4.) Zona 3 – Kawasan Istana
Ruas jalan yang terdampak meliputi Jalan M.H. Thamrin, Jalan Jenderal Sudirman, Jalan Medan Merdeka Barat, Jalan KH. Wahid Hasyim, Jalan Kebon Sirih, dan Jalan Budi Kemuliaan. Apabila terjadi kepadatan, pengalihan lalu lintas dilakukan sebagai berikut:
a. Lalu lintas dari Tugu Tani menuju Tanah Abang dialihkan melalui Jalan M.I. Ridwan Rais–Jalan Medan Merdeka Timur–Jalan Veteran–Jalan Cideng Timur dan seterusnya.
b. Lalu lintas dari Tanah Abang menuju Pulogadung dialihkan melalui Jalan Abdul Muis–Jalan Majapahit–Jalan Ir. H. Juanda dan seterusnya.
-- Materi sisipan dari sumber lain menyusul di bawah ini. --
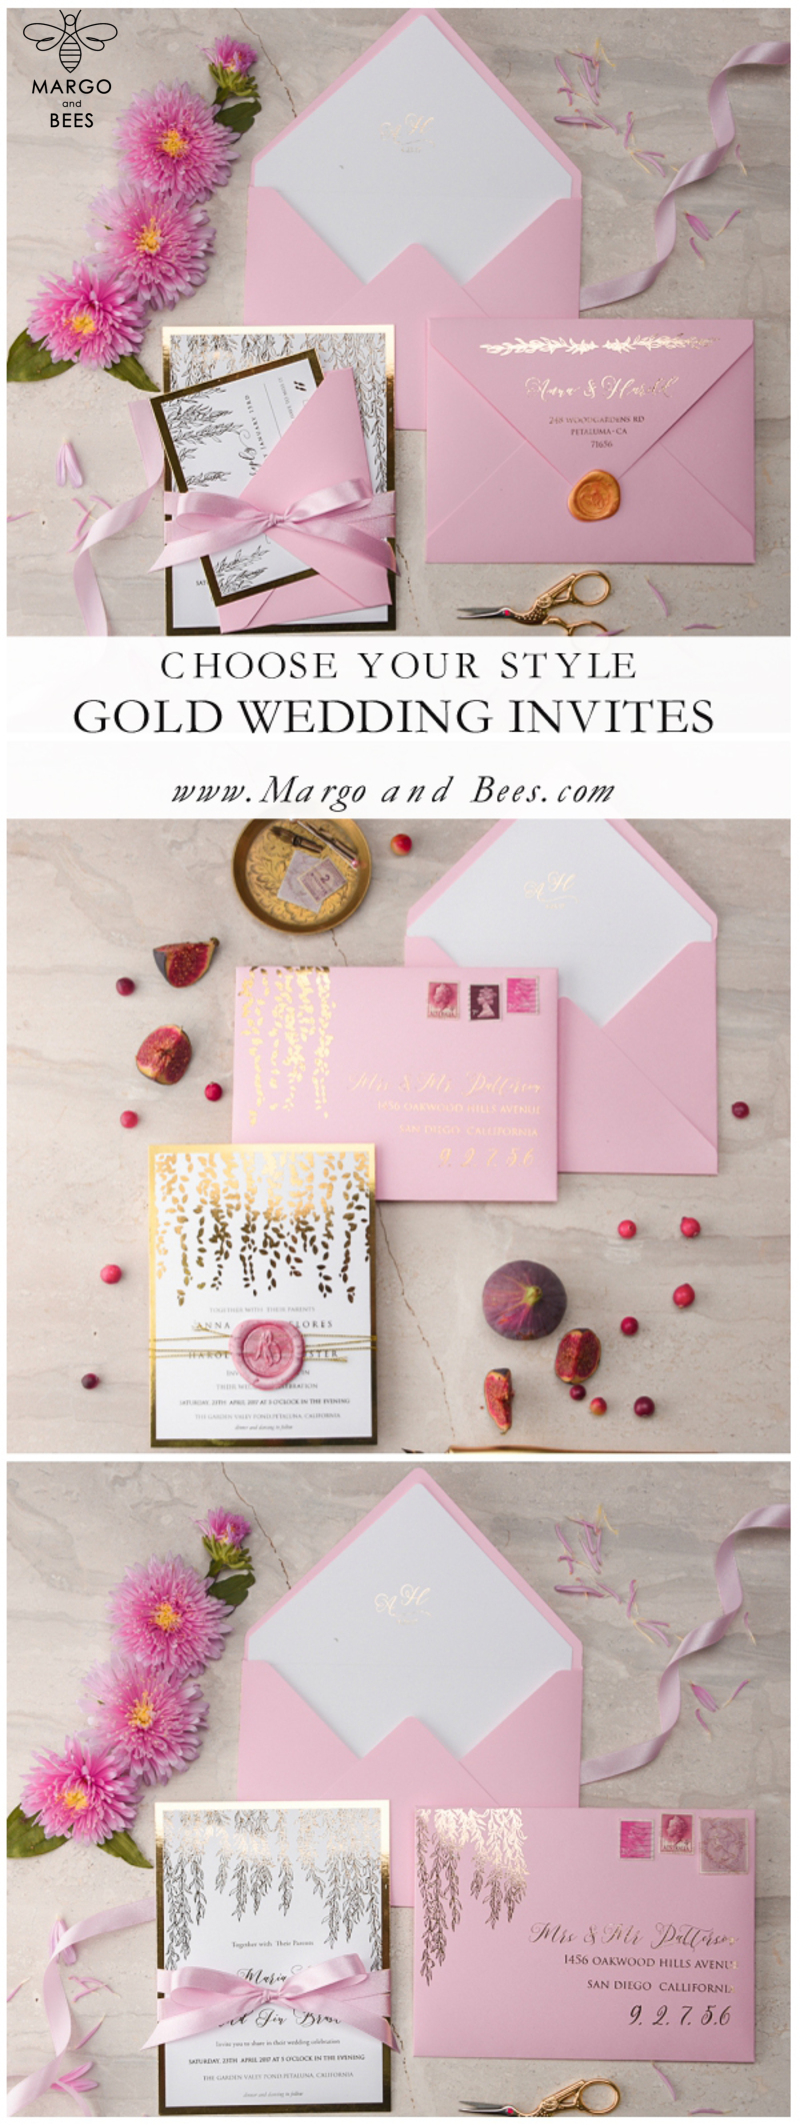 luxory wedding invitations, shiny glitter style invites, elegant romantic wedding invitation suite-9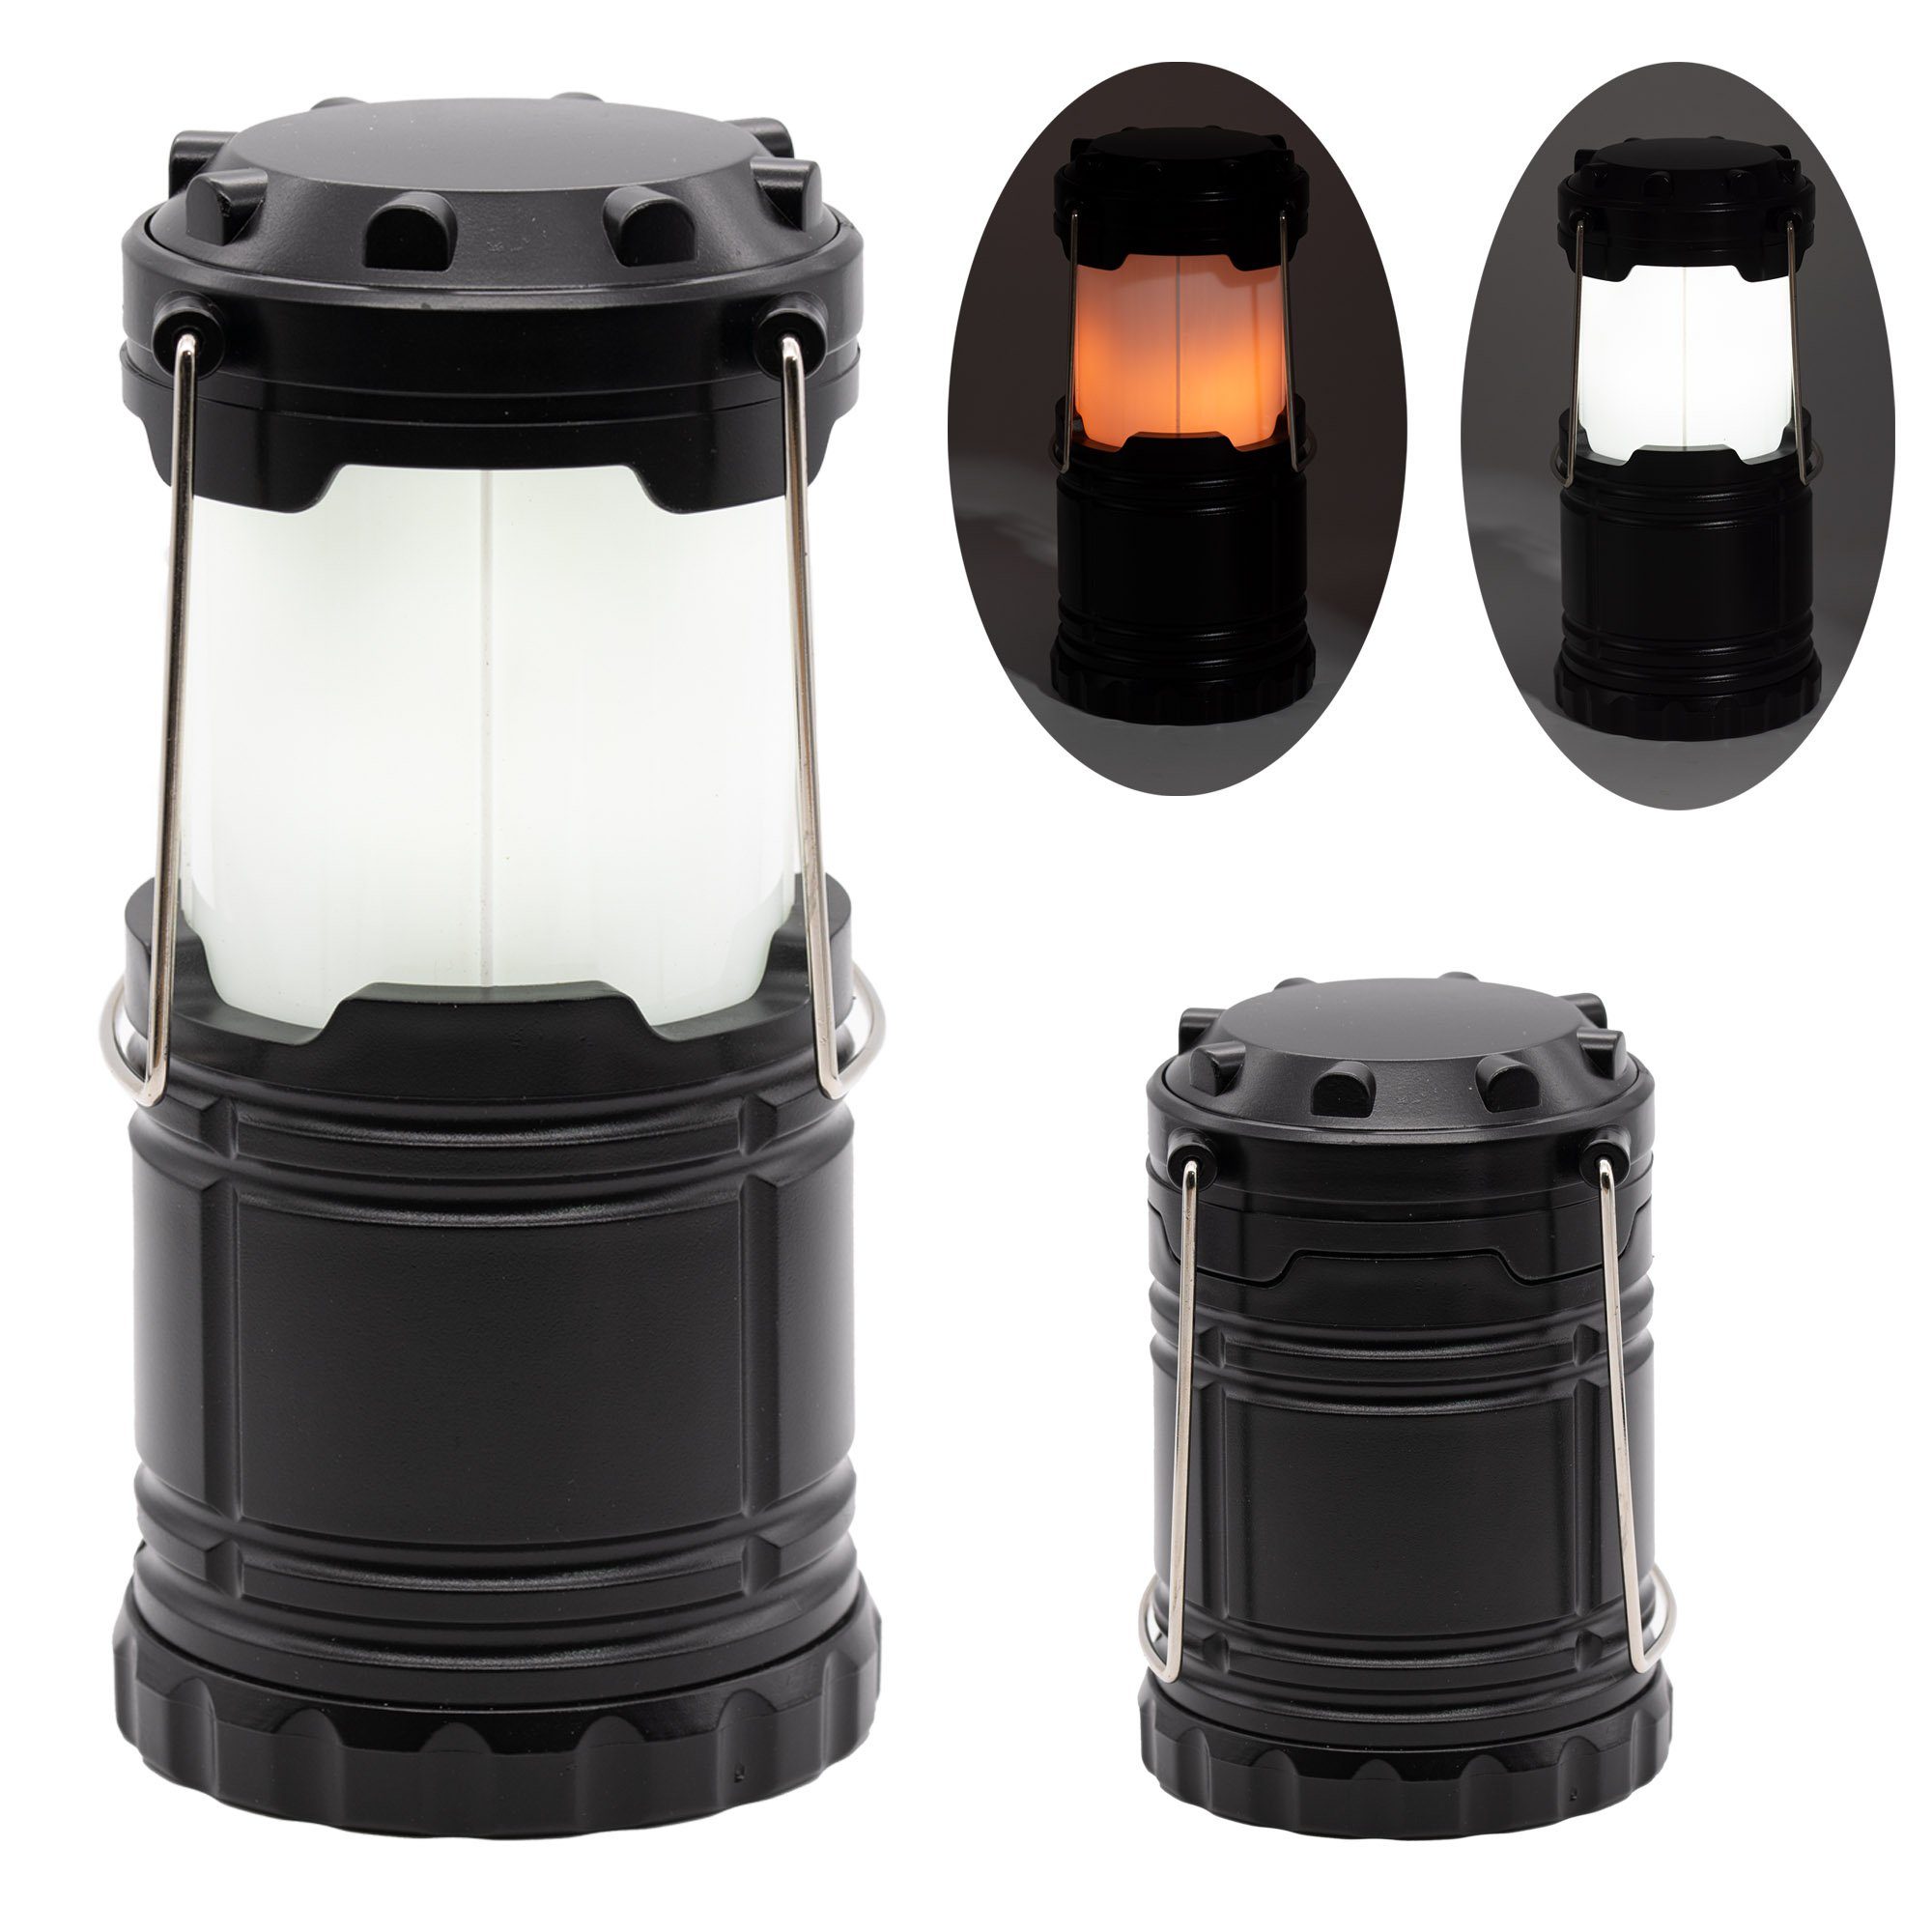 Leuchte Batterie, Lampe Garten, Effekt BENSON Zelt Campinglampe Flammen, LED Laterne, 2in1 Taschenlampe

c. Lalu lintas dari Senayan menuju Kota dialihkan melalui Jalan KH. Mas Mansyur–Jalan Cideng Barat–Jalan Cideng Timur–Jalan Abdul Muis–Jalan Majapahit dan seterusnya.
d. Lalu lintas dari Harmoni menuju Senayan dialihkan melalui Jalan Ir. H. Juanda–Jalan Pos–Jalan Gedung Kesenian–Jalan Lapangan Banteng Utara–Jalan Katedral–Jalan Pejambon–Jalan M.I. Ridwan Rais–Jalan Tugu Tani–Jalan Menteng Raya–Jalan Taman Cut Mutiah–Jalan GSSJ Samratulangi–Jalan HOS Cokroaminoto–Jalan H.R. Rasuna Said dan seterusnya.
Untuk mendukung pelaksanaan pengaturan lalu lintas, Dishub juga menyiapkan 10 titik pengaturan lalu lintas yaitu Simpang Senayan arah Bundaran Senayan, FX, TL Fairmont, Patal Senayan, Pintu 10, Hotel Mulia, Simpang Pal Merah, Masjid Babah Alun, Ladokgi, serta Ladokgi bawah/kolong. Dishub juga menyiapkan empat unit derek di Pintu 10, Bawah Flyover Ladogi, Hotel Mulia, dan FX.